PEOPLE OF THE STATE OF ILLINOIS, PLAINTIFF-APPELLEE,

v.

CLARENCE HILL, DEFENDANT-APPELLANT.



Appeal from the Circuit Court of Cook County, Criminal Division; the Hon. JOHN C. FITZGERALD, Judge, presiding. Judgment affirmed.

MR. JUSTICE MCNAMARA DELIVERED THE OPINION OF THE COURT.

Defendant was charged with theft by deception. Ill Rev Stats (1965) c 38, § 16-1(b). A jury found defendant guilty of the crime charged, and he was sentenced to the Illinois State Penitentiary for three to eight years. Defendant appeals to this court, alleging three errors: (1) that the closing argument of the state's attorney was prejudicial; (2) that he was unduly limited in his cross-examination by not being supplied with a statement of the complaining witness; and (3) that evidence of separate and subsequent offenses was improperly introduced and admitted into evidence.

The complainant testified that she met the defendant about noon on the 18th day of April, 1966, at 43rd and Prairie, Chicago.
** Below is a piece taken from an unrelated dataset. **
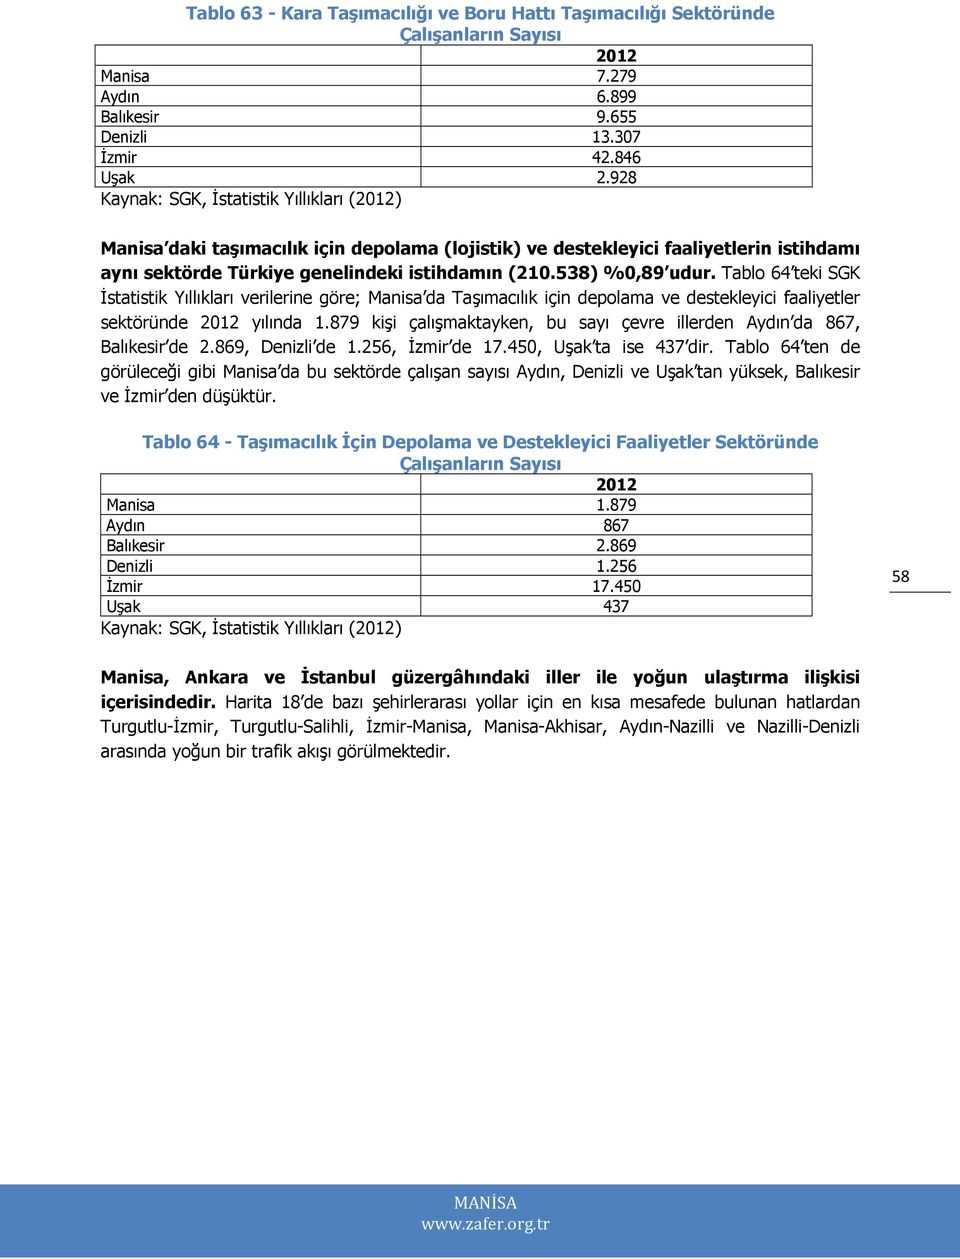 538) %0,89 udur. Tablo 64 teki SGK İstatistik Yıllıkları verilerine göre; Manisa da Taşımacılık için depolama ve destekleyici faaliyetler sektöründe 2012 yılında 1.
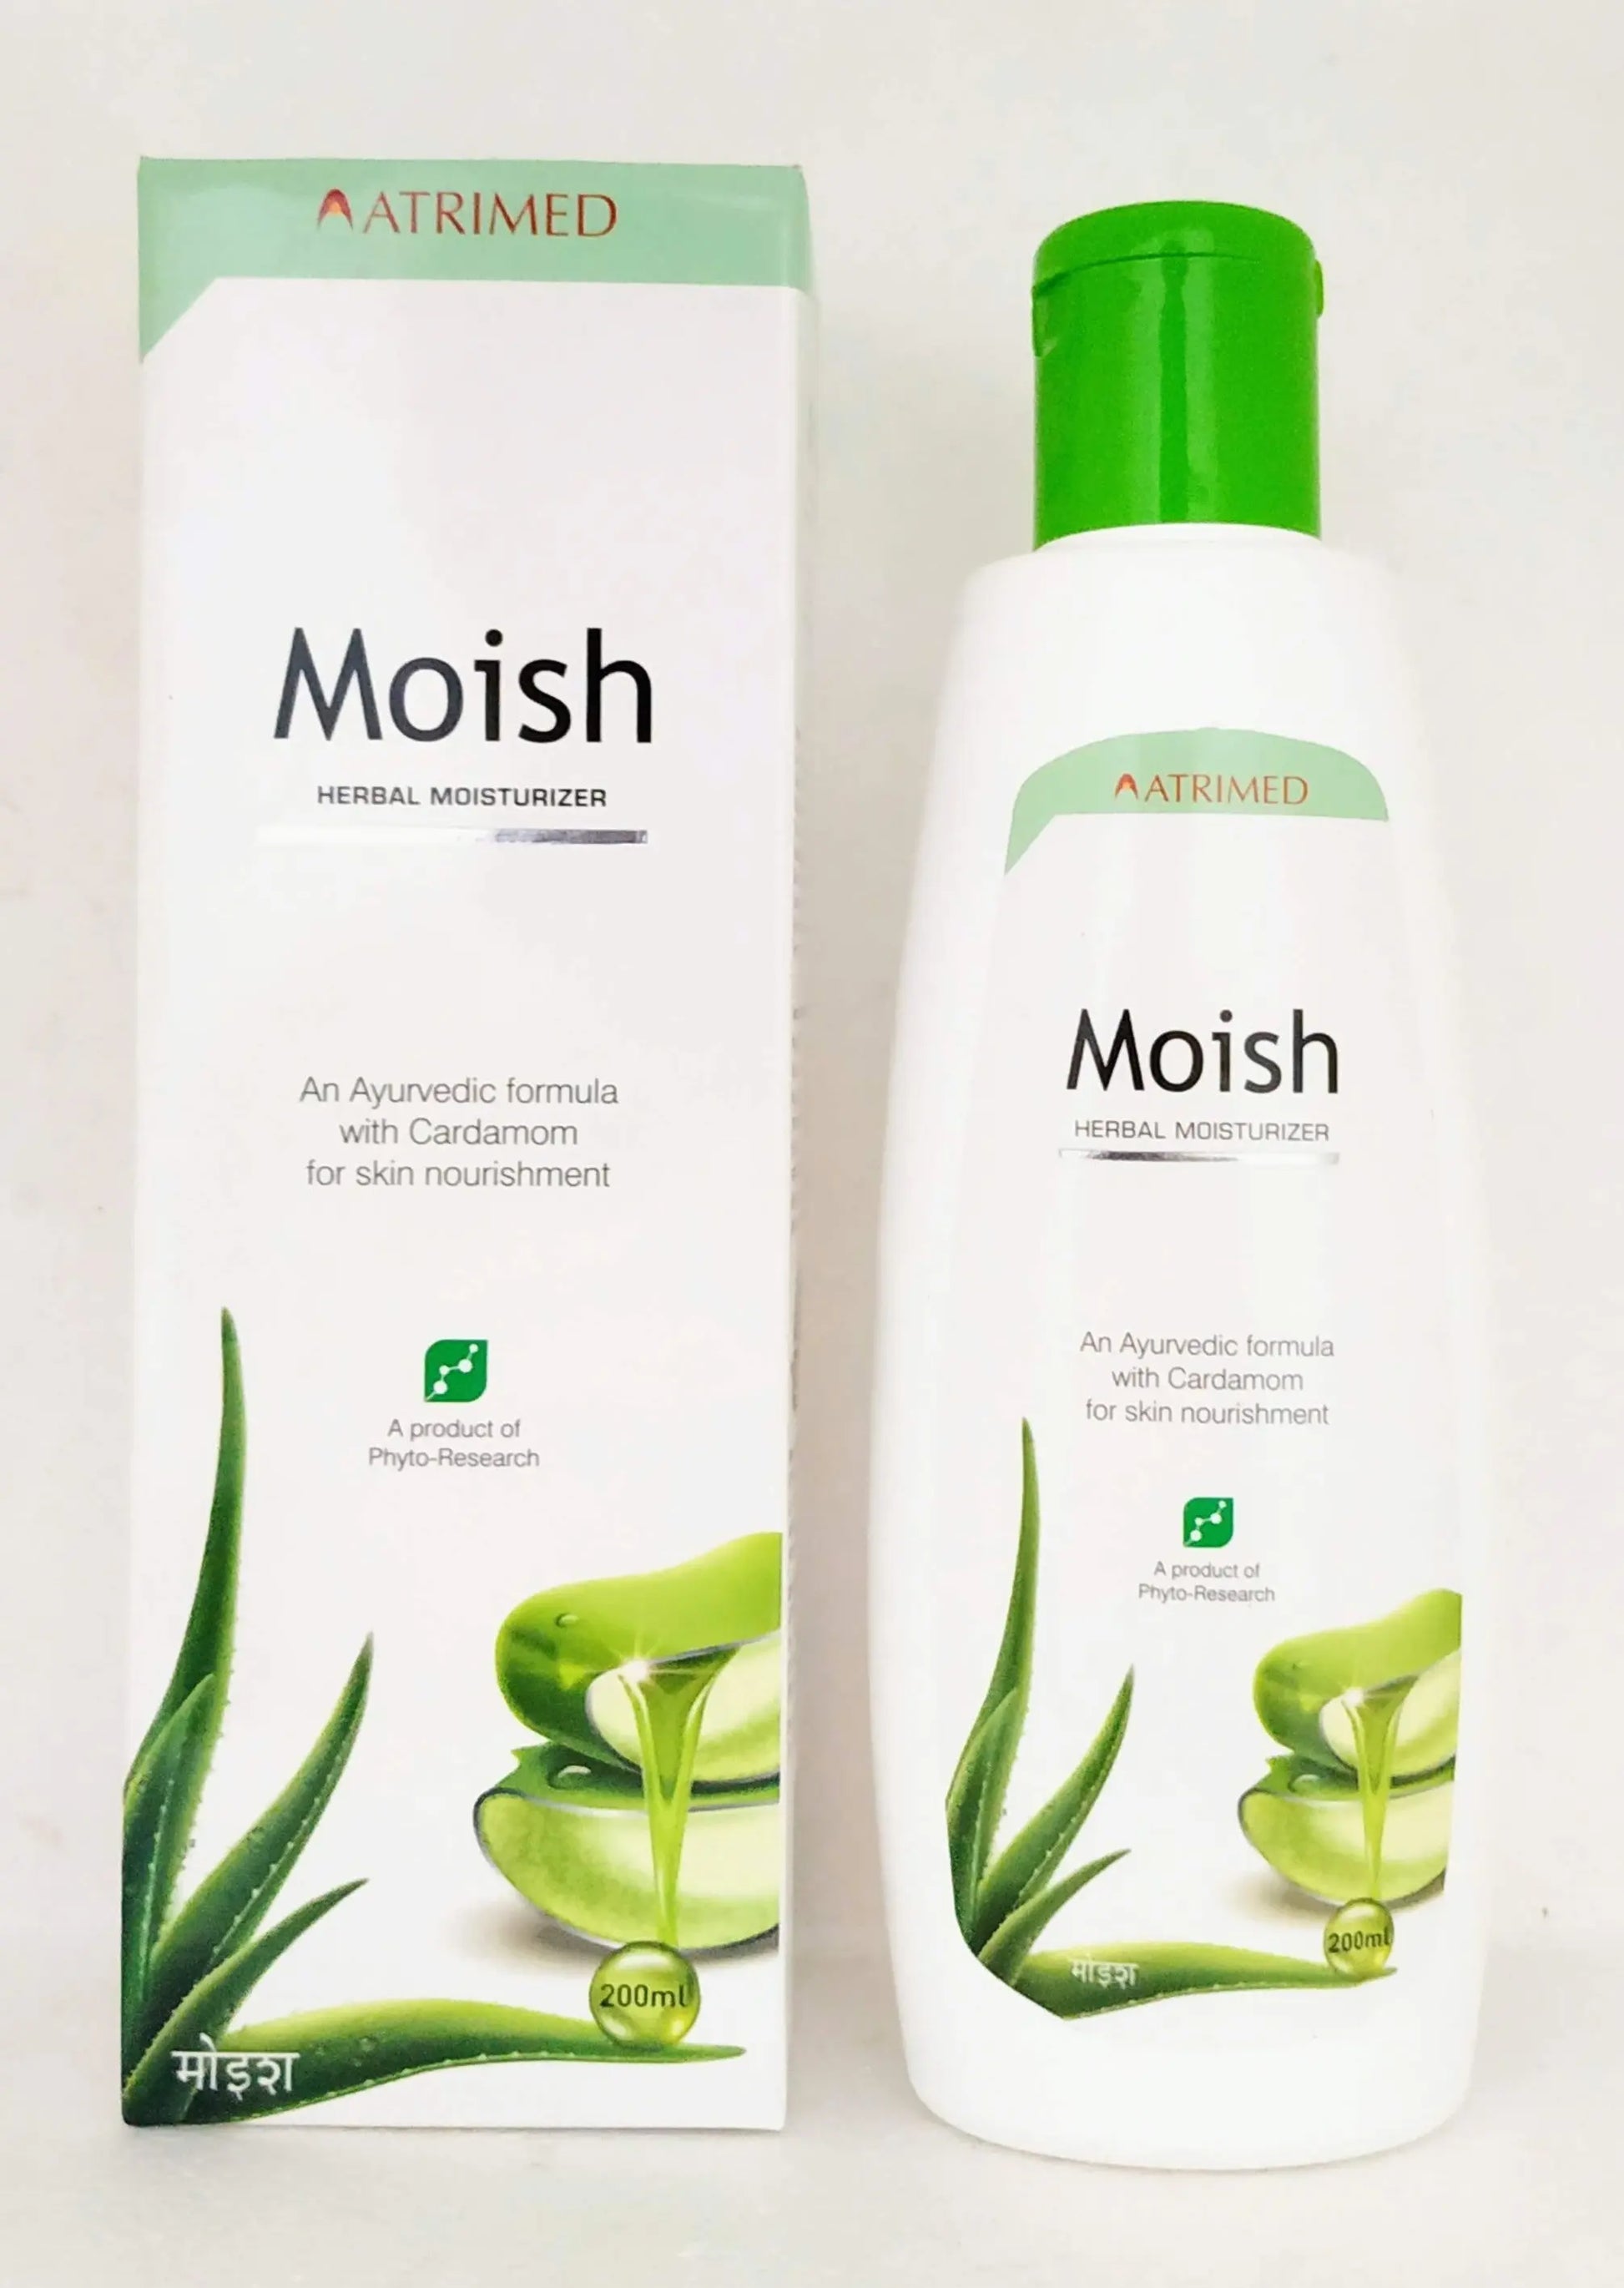 Moish herbal moisturizer 200ml Atrimed

She had never seen him prior to this occasion. Defendant told her that he had just arrived from Algeria, that he was a stranger to Chicago, and that he was looking for a place to stay. Another man passed, and was asked by defendant if he knew of an apartment. Defendant asked complainant if she knew the other man, and she replied that she did not. The two men, after walking down the street a while, took the complainant into a vestibule, where defendant took $163 from the complainant's pocket, stating that he was going to put his money with hers for safekeeping. Defendant left for a moment, returning with a balled-up handkerchief which he put in complainant's bosom. After walking some more, defendant stated to complainant that he was going to get his things and that he would come back to her house to pick up his money. After both men left her, complainant discovered that the handkerchief contained newspaper rather than money.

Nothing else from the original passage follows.